Усиление адгезивной способности тромбоцитов на фоне нормального их количества, реализующейся в мелких и крупных кровеносных сосудах, создает опасность активации агрегации тромбоцитов в сосудах любого калибра. По всей вероятности данный механизм активации тромбоцитов сочетается с интенсификацией внутритромбоцитарных путей активации кровяных пластинок, что было обнаружено при исследовании АТ у новорожденных животных с ФНП.

Связь сильных агонистов агрегации - коллагена и тромбина в стандартных концентрациях с рецепторами на мембране тромбоцитов ведет к активации фосфолипазы С, стимуляции фосфоинозитольного пути через диацилглицерол и протеинкиназу С с фосфолирированием белков сократительной системы. Инозитолтрифосфат способствует выходу Са²⁺ из внутритромбоцитарных депо, обуславливая интенсификацию сокращения актомиозина.

Слабые агонисты агрегации тромбоцитов - АДФ и адреналин взаимодействуют с рецепторами их мембраны и вызывают экспрессию фибриногеновых рецепторов (GPIIв-IIIа), стимулируют фосфолипазу А₂, регулирующую выход из фосфолипидов арахидоновой кислоты с усилением образования Т_ХА₂, стимулирующего АТ посредством фосфолипазы А₂ и С и прямого выхода Са²⁺ в цитоплазму.
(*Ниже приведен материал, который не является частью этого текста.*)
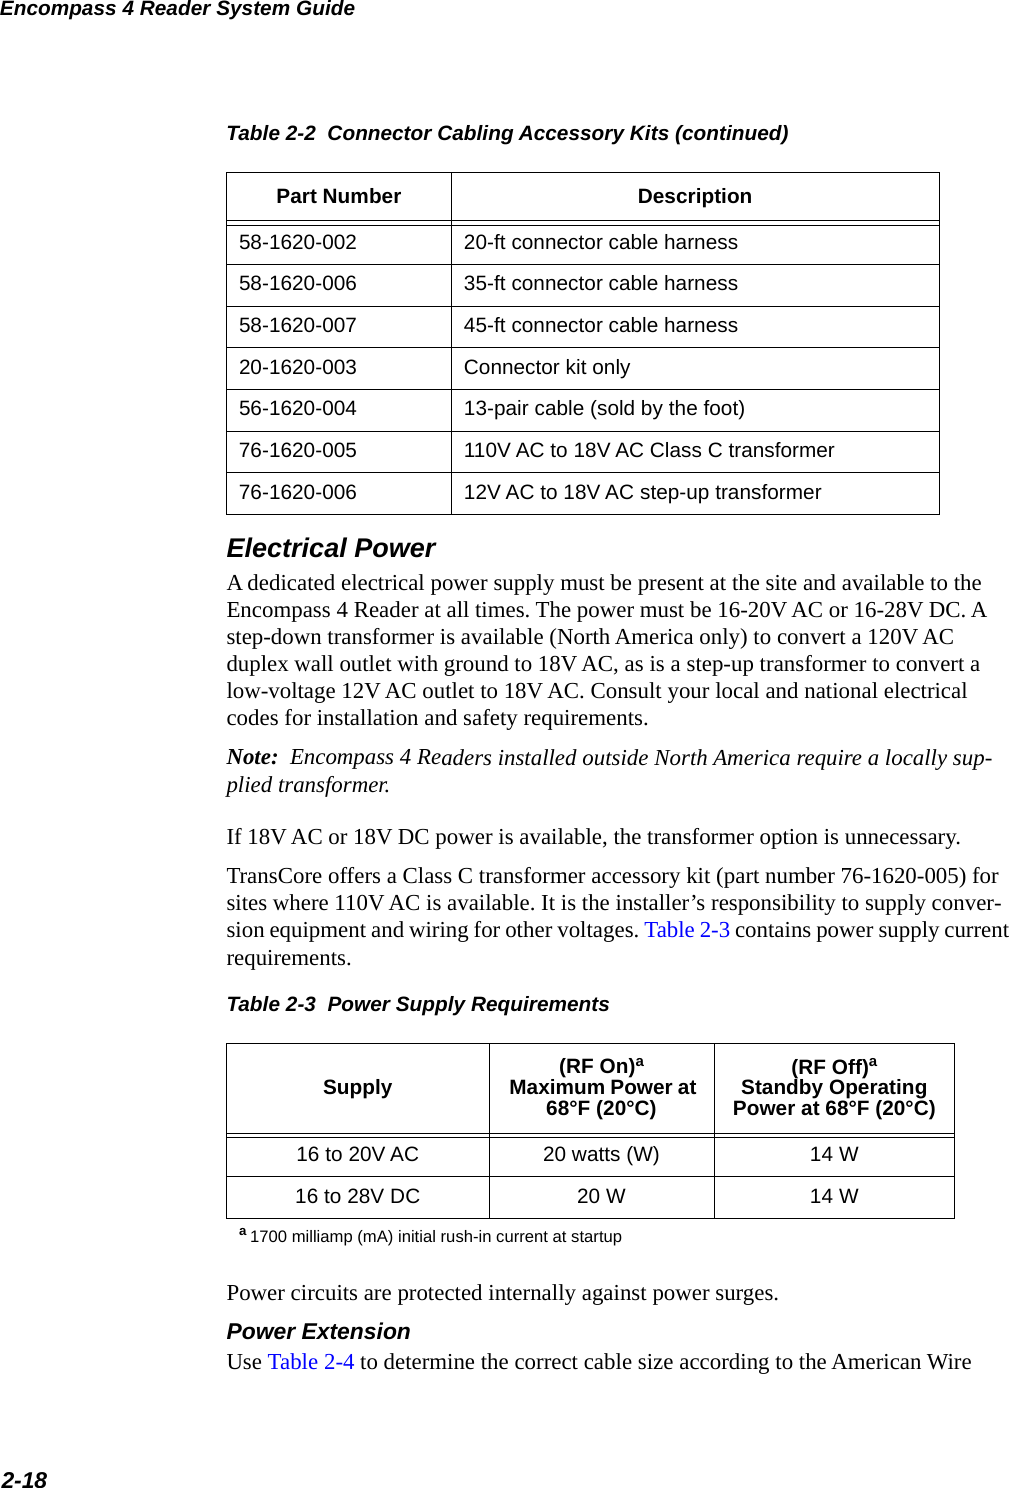 Encompass 4 Reader System Guide2-18Electrical PowerA dedicated electrical power supply must be present at the site and available to the Encompass 4 Reader at all times. The power must be 16-20V AC or 16-28V DC. A step-down transformer is available (North America only) to convert a 120V AC duplex wall outlet with ground to 18V AC, as is a step-up transformer to convert a low-voltage 12V AC outlet to 18V AC. Consult your local and national electrical codes for installation and safety requirements.Note:  Encompass 4 Readers installed outside North America require a locally sup-plied transformer. If 18V AC or 18V DC power is available, the transformer option is unnecessary.TransCore offers a Class C transformer accessory kit (part number 76-1620-005) for sites where 110V AC is available. It is the installer’s responsibility to supply conver-sion equipment and wiring for other voltages. Table 2-3 contains power supply current requirements.Table 2-3  Power Supply RequirementsSupply (RF On)a Maximum Power at 68°F (20°C)(RF Off)aStandby Operating Power at 68°F (20°C)16 to 20V AC 20 watts (W) 14 W16 to 28V DC 20 W 14 Wa 1700 milliamp (mA) initial rush-in current at startupPower circuits are protected internally against power surges. Power Extension Use Table 2-4 to determine the correct cable size according to the American Wire 58-1620-002 20-ft connector cable harness58-1620-006 35-ft connector cable harness58-1620-007 45-ft connector cable harness20-1620-003 Connector kit only56-1620-004 13-pair cable (sold by the foot)76-1620-005 110V AC to 18V AC Class C transformer76-1620-006 12V AC to 18V AC step-up transformerTable 2-2  Connector Cabling Accessory Kits (continued)Part Number Description

Не исключено, что видная роль в усилении АТ с сильными и слабыми индукторами играют сдвиги в липидном составе мембран тромбоцитов, связанные с их нагруженностью ХС, снижением ОФЛ и усилением в них ПОЛ.

Сочетанное использование двух индукторов агрегации, имеющих место в реальных условиях кровотока позволило приблизить наше представление об АТ in vivo у новорожденных животных с ФНП животных к реально возникающему в их кровяном русле агрегационному процессу тромбоцитов.

Корреляционный анализ выявил статистически значимые обратные сильные и средней силы связи между содержанием СМ₂₈₀ и СМ₂₅₄, АГП и ТБК-соединений в крови телят с ФНП одной стороны и активностью у них АТ под влиянием всех примененных индукторов и их сочетаний с другой. При сочетании индукторов статистическая связь АТ с СМ плазмы была выше, чем в случае одного индуктора, причем связь АТ с СМ₂₅₄ оказалась максимальной.

Статистическая связь АГП и МДА тромбоцитов и АТ оказалась обратной и для большинства индукторов средней силы.

Повышение способности кровяных пластинок к агрегации in vitro до возникновения ФНП, усиливающееся при их развитии у телят сочеталась с усилением АТ in vivo.